**Available data**
[Start of section]

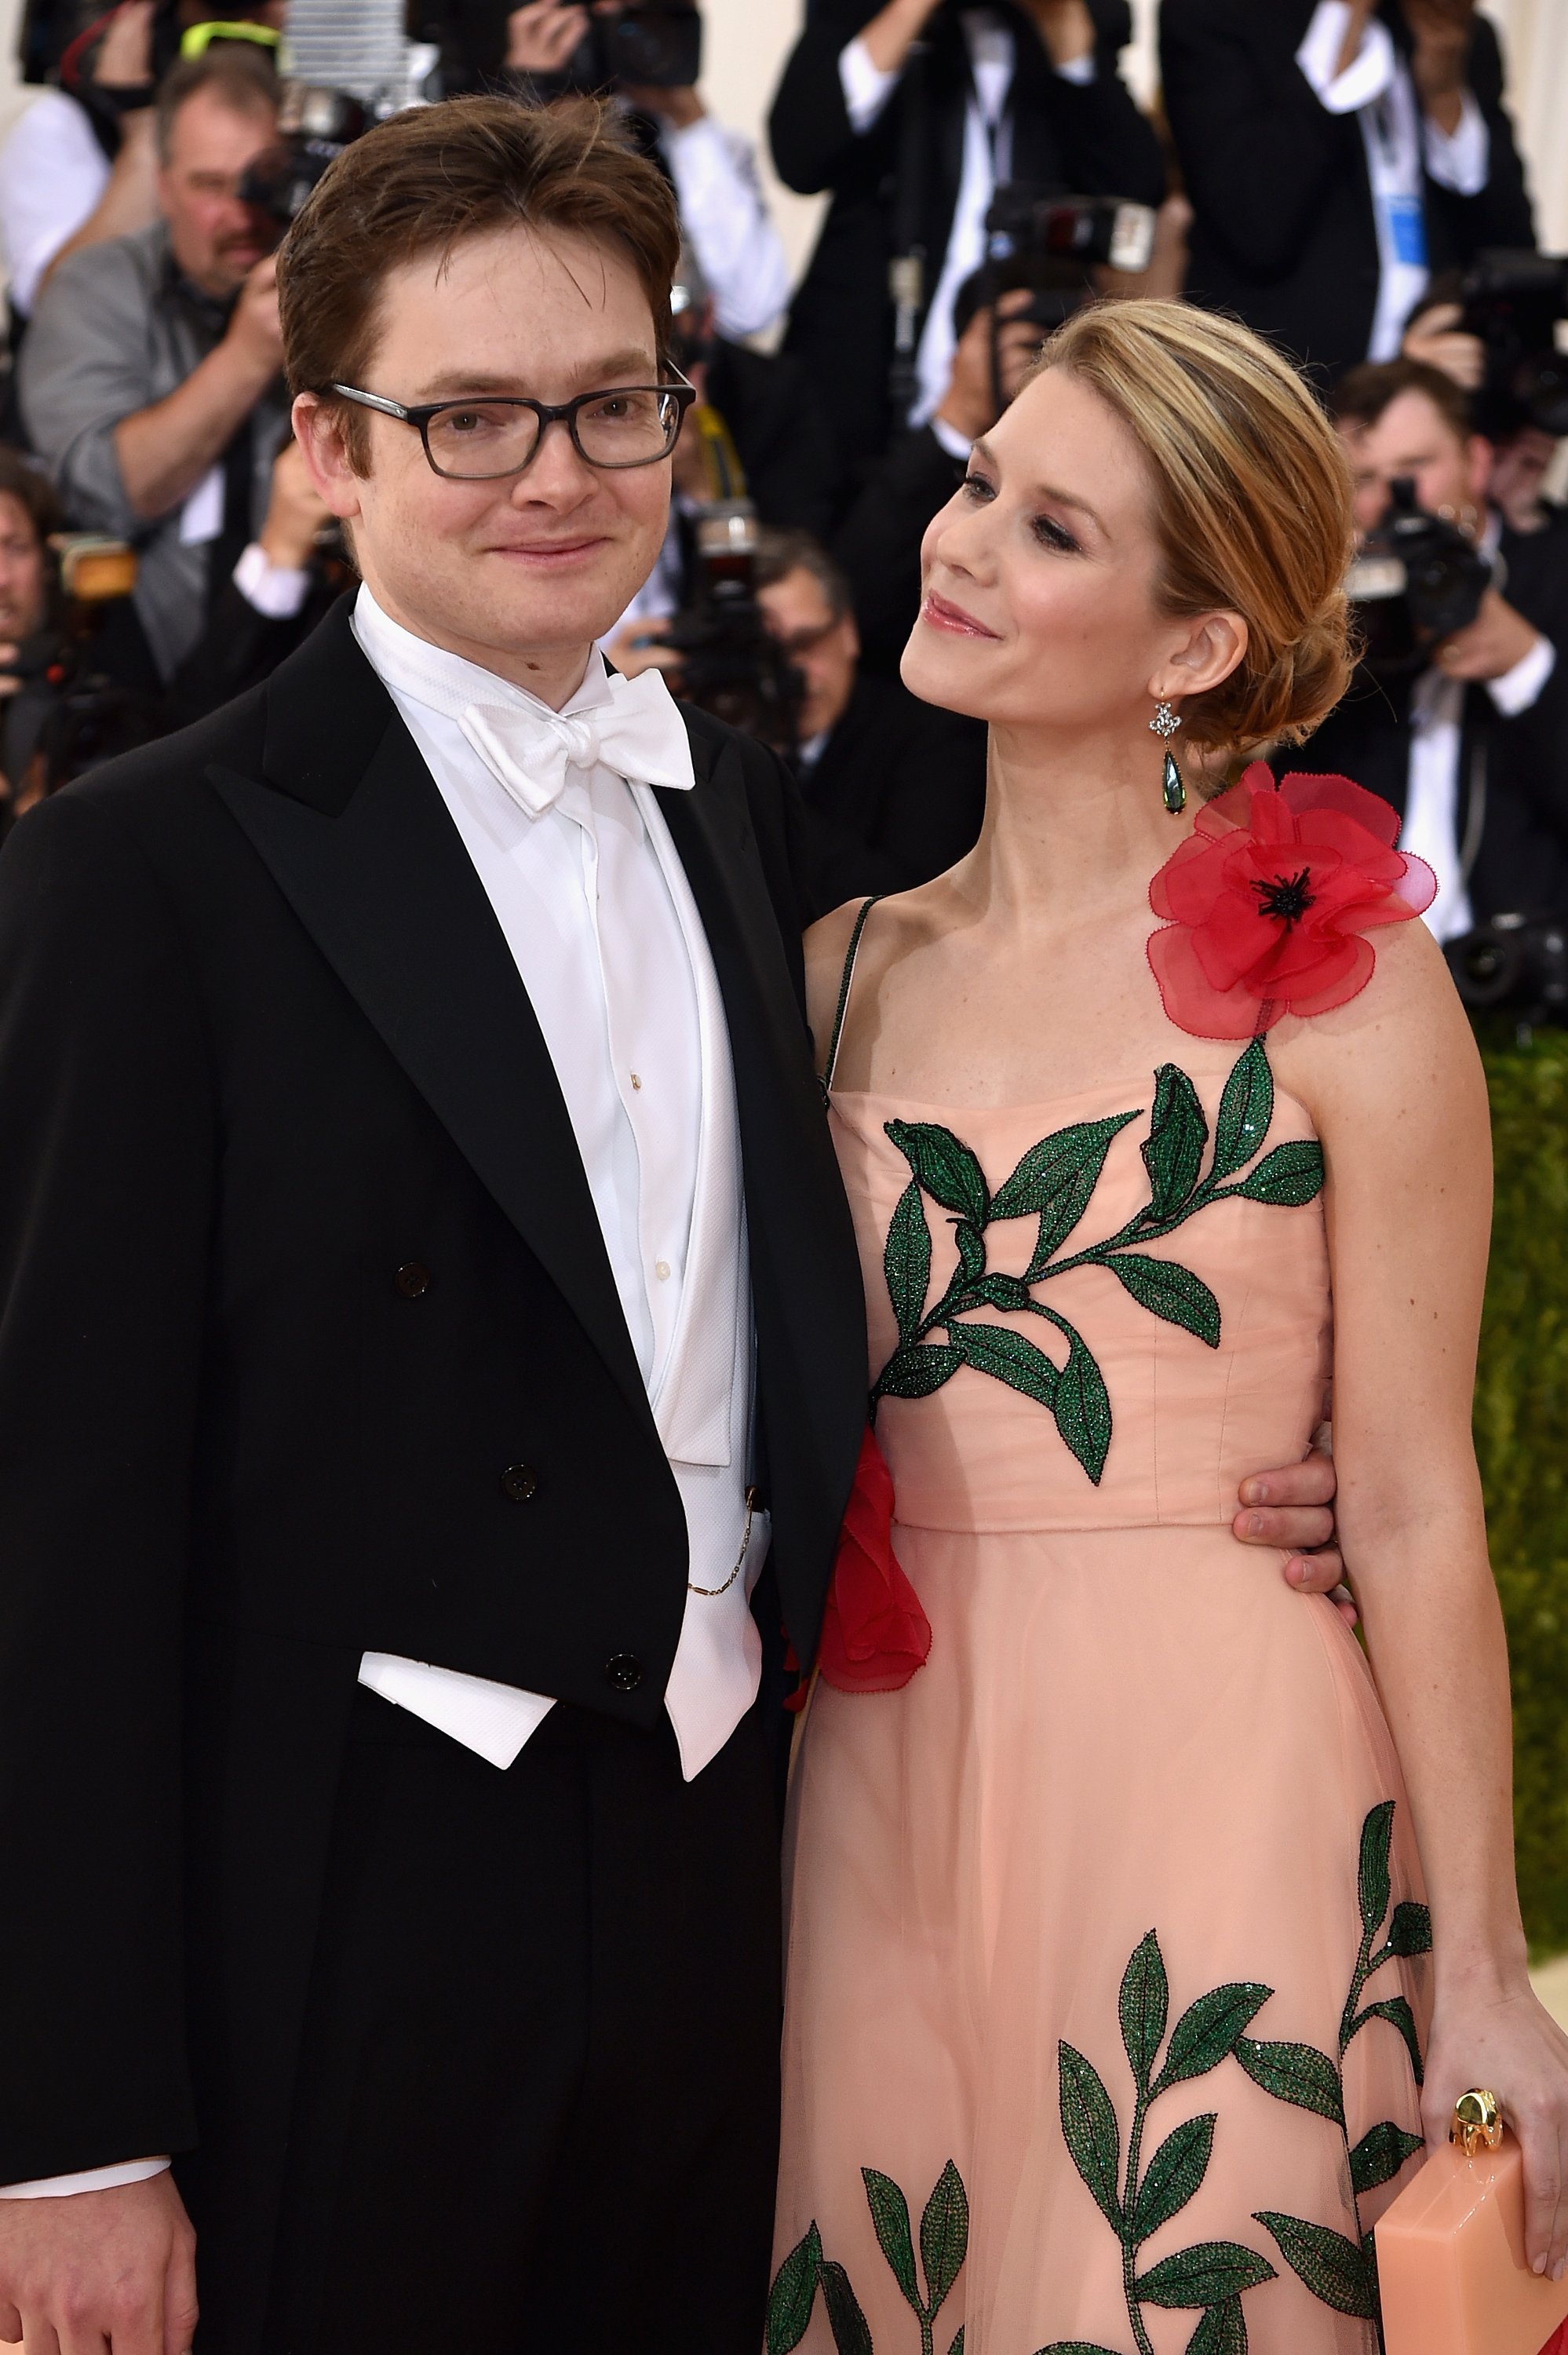 Charles Shaffer and Elizabeth Cordry pose at the "Manus x Machina: Fashion In An Age Of Technology" Costume Institute Gala at Metropolitan Museum of Art on May 2, 2016, in New York City | source: Getty Images
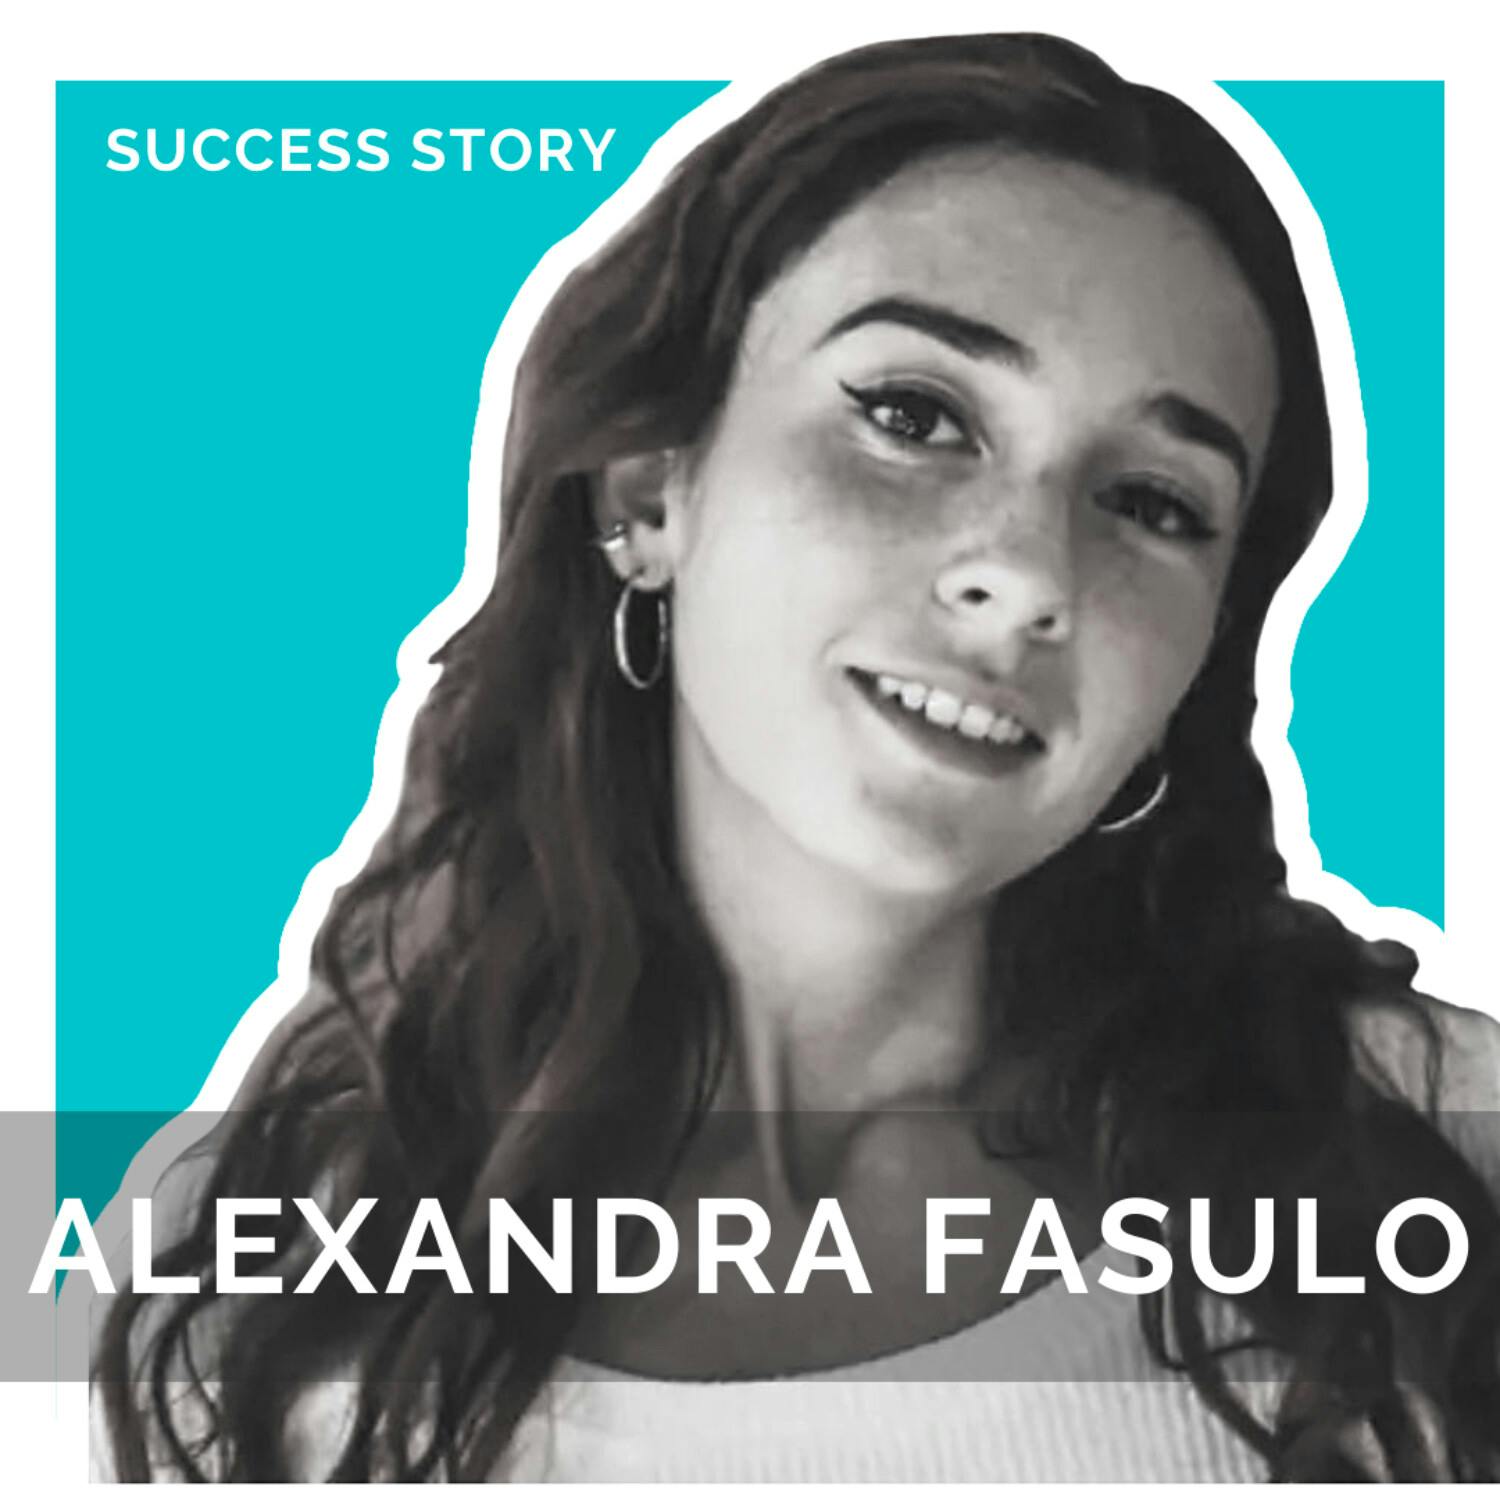 Alexandra Fasulo, Full Time Digital Nomad | How to Make 7 Figures Freelancing on Fiverr
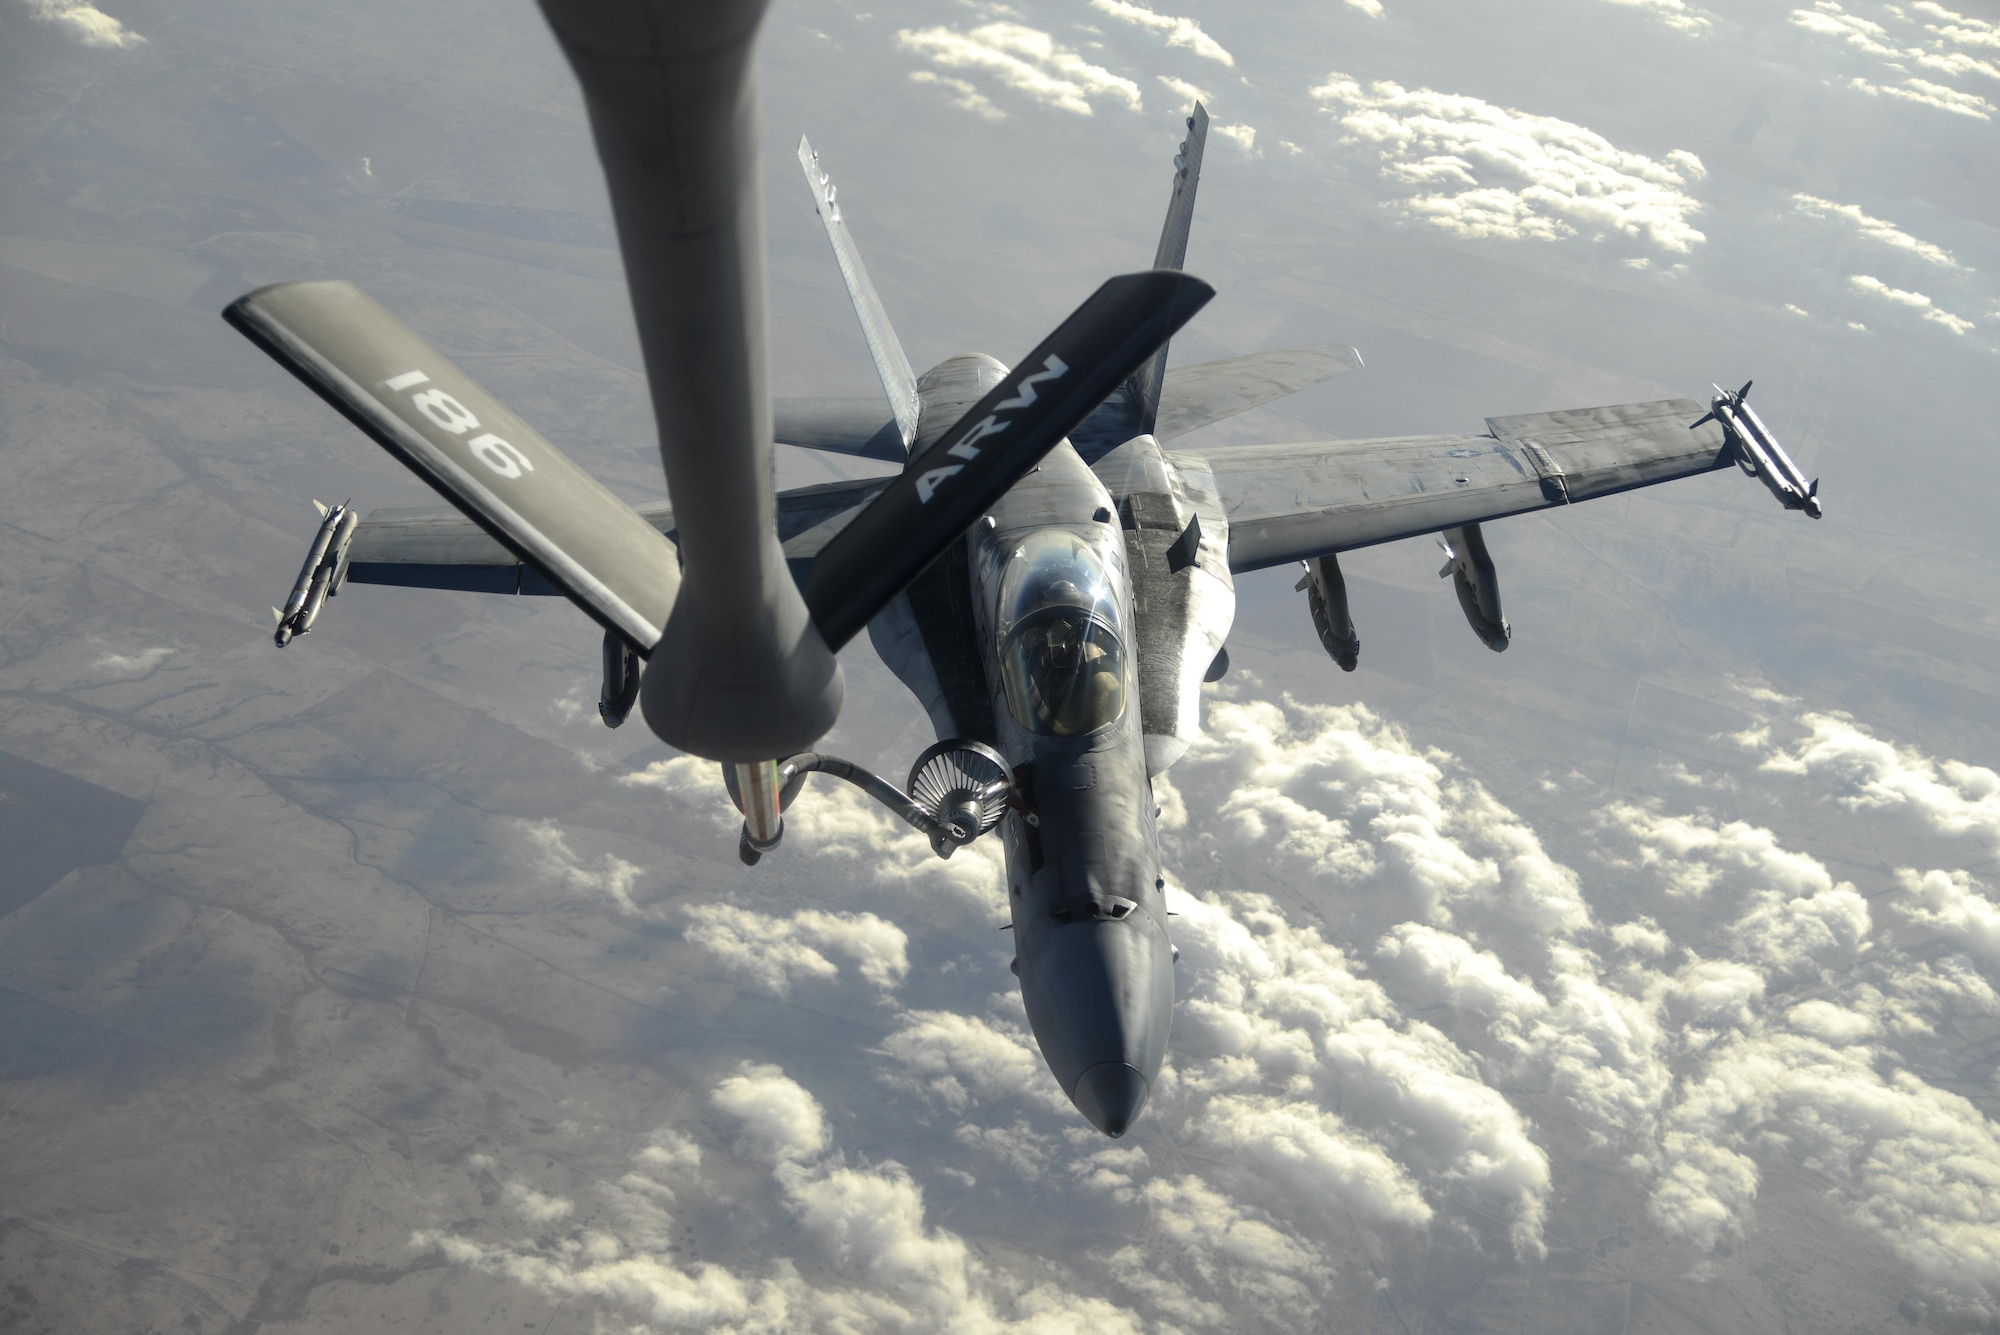 A U.S. Navy F/A-18C from the Strike Fighter Squadron VFA-37 Ragin' Bulls receives fuel in flight from a U.S. Air Force KC-135 Stratotanker over Southwest Asia May 21, 2017. Assigned to the 340th Expeditionary Air Refueling Squadron, out of Al Udeid Air Base, Qatar, the tanker from the 186th Air Refueling Wing, Mississippi Air National Guard was fitted with a drogue attached to the boom, for specialized receiver equipment on Navy and coalition aircraft. The 340th EARS maintains a 24/7 presence in the AOR, extending the missions of aircraft supporting Operation Inherent Resolve and the fight against ISIS. (U.S. Air National Guard photo by Master Sgt. Andrew J. Moseley/Released)

[End of section]

Without the pictures, repeat the listing word for word.

**Result**
 Charles Shaffer and Elizabeth Cordry pose at the "Manus x Machina: Fashion In An Age Of Technology" Costume Institute Gala at Metropolitan Museum of Art on May 2, 2016, in New York City | source: Getty Images
 Alexandra Fasulo, Full Time Digital Nomad | How to Make 7 Figures Freelancing on Fiverr
 A U.S. Navy F/A-18C from the Strike Fighter Squadron VFA-37 Ragin' Bulls receives fuel in flight from a U.S. Air Force KC-135 Stratotanker over Southwest Asia May 21, 2017. Assigned to the 340th Expeditionary Air Refueling Squadron, out of Al Udeid Air Base, Qatar, the tanker from the 186th Air Refueling Wing, Mississippi Air National Guard was fitted with a drogue attached to the boom, for specialized receiver equipment on Navy and coalition aircraft. The 340th EARS maintains a 24/7 presence in the AOR, extending the missions of aircraft supporting Operation Inherent Resolve and the fight against ISIS. (U.S. Air National Guard photo by Master Sgt. Andrew J. Moseley/Released)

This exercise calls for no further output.